Stanford Transformers & Large Language Models (LLMs) Course

Stanford Transformers & Large Language Models (LLMs) Course

This Stanford course on Transformers and Large Language Models (LLMs) is an advanced university-level lecture series that explores the foundations and modern developments of generative AI and transformer-based architectures. The course is designed for learners interested in deep learning, natural language processing, and cutting-edge AI systems.

The course begins with the transformer architecture, explaining the attention mechanism and how transformers revolutionized machine learning by enabling efficient sequence processing and large-scale language understanding.

Learners then explore transformer-based models and optimization techniques commonly used in modern AI systems. The lectures introduce architectural improvements, scaling strategies, and practical engineering techniques used in advanced neural networks.

A major focus is on large language models, including how LLMs are trained using massive datasets and distributed computing systems.

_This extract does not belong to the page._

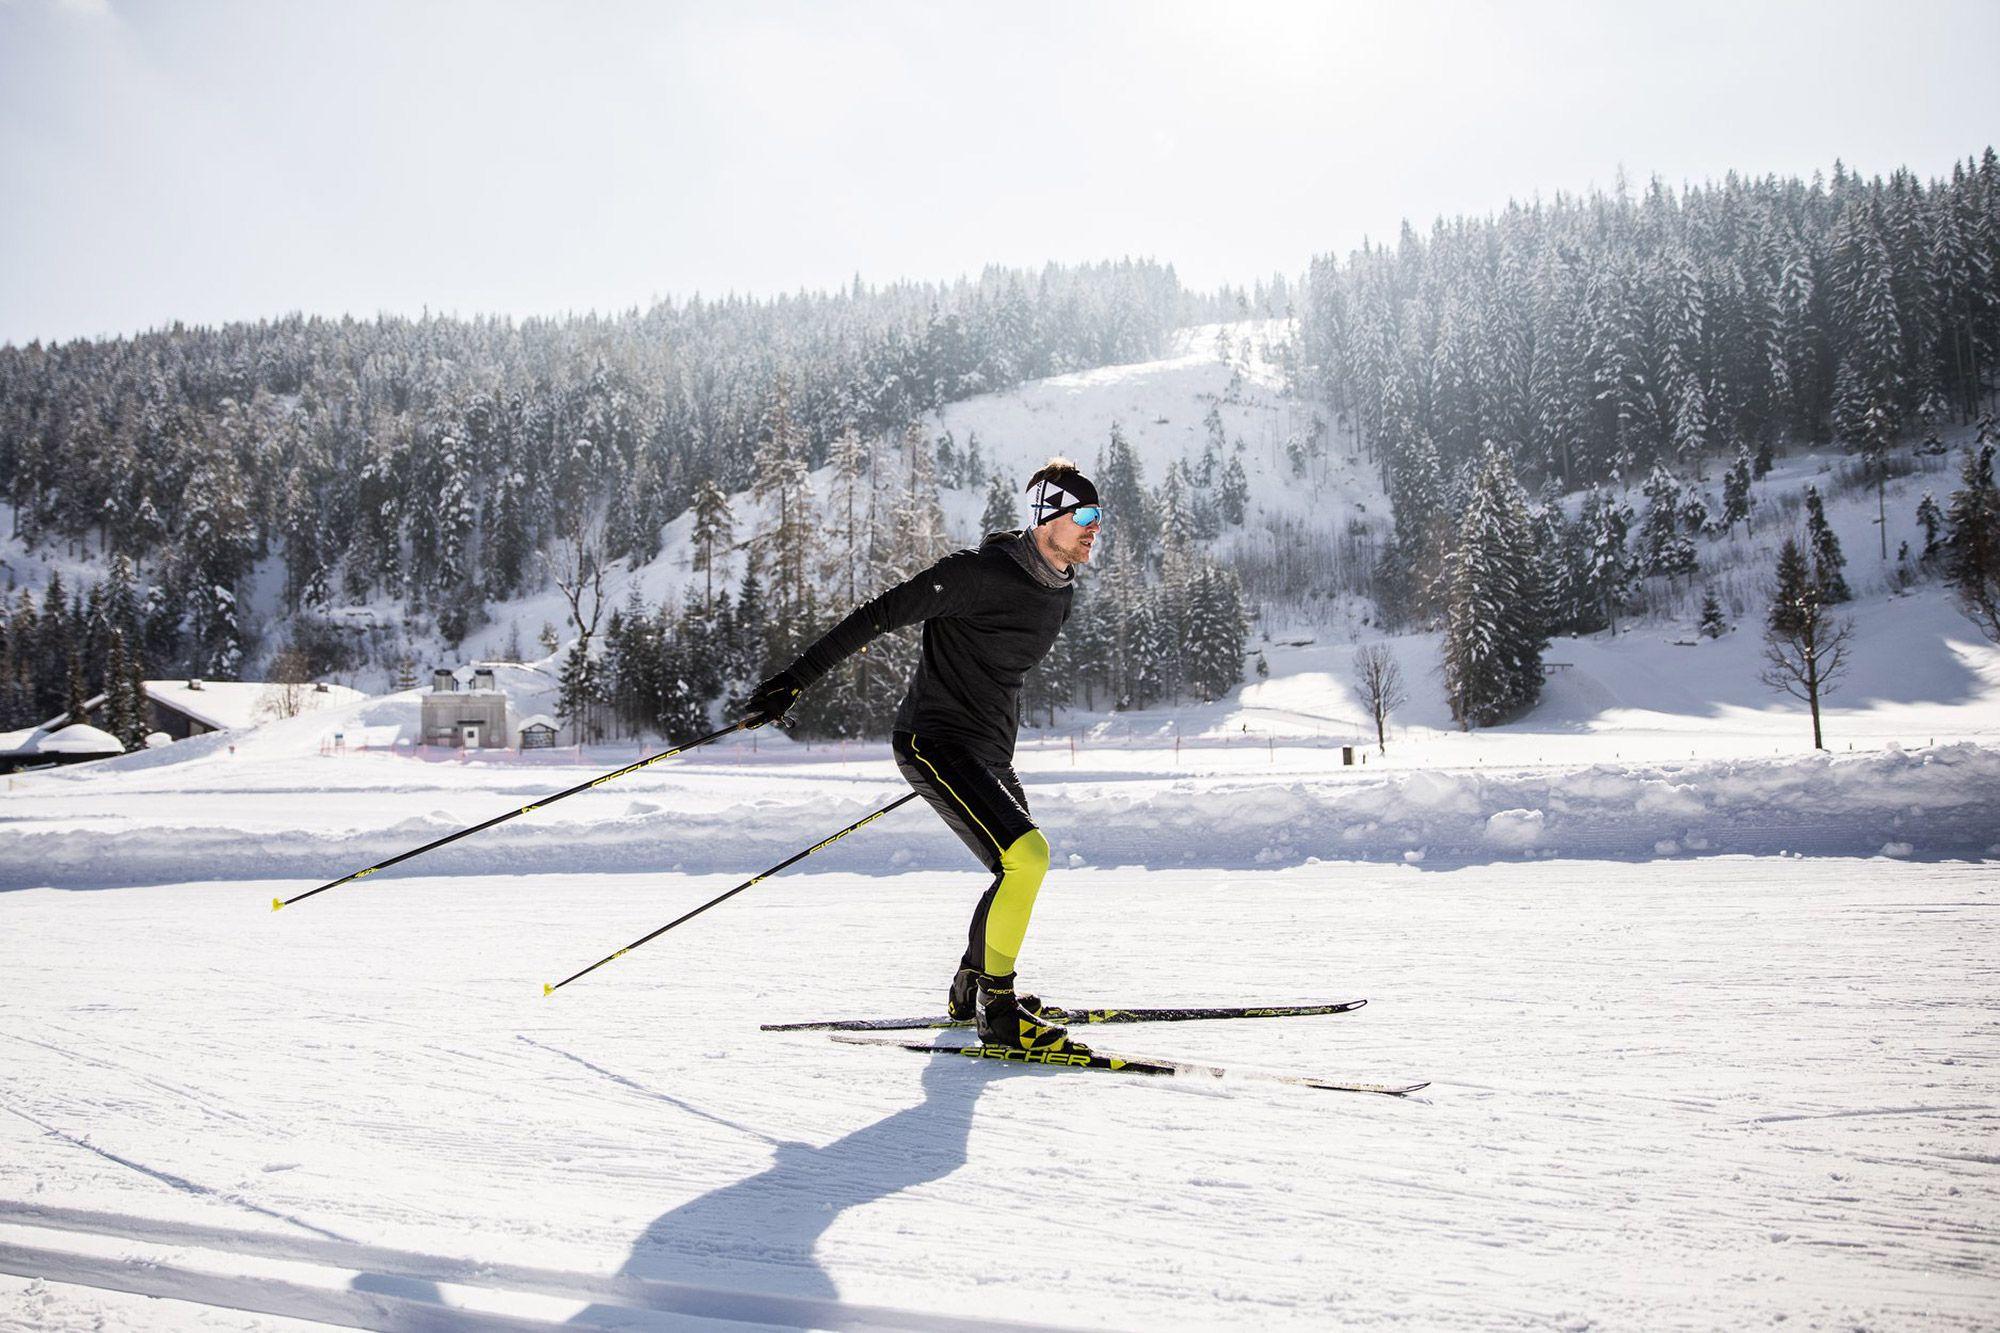 How To Choose Cross Country Ski Gear Goeast Cross Country Skiing Cross Country Ski Gear

Students learn about tokenization, pretraining, model scaling, and optimization pipelines.

The course also covers LLM tuning and alignment methods, helping learners understand how models are adapted for specialized tasks and improved for safer, more accurate outputs.

Additional lectures focus on LLM reasoning capabilities and agentic AI systems, exploring how AI models perform multi-step reasoning, planning, and autonomous task execution.

The final sections discuss evaluation techniques for measuring LLM performance, reliability, and effectiveness across different applications and benchmarks.

This course is ideal for learners pursuing advanced AI research, machine learning engineering, NLP development, or generative AI system design.

By the end of the course, learners will have a deep understanding of transformers, LLM architectures, training pipelines, reasoning systems, and modern AI agent frameworks.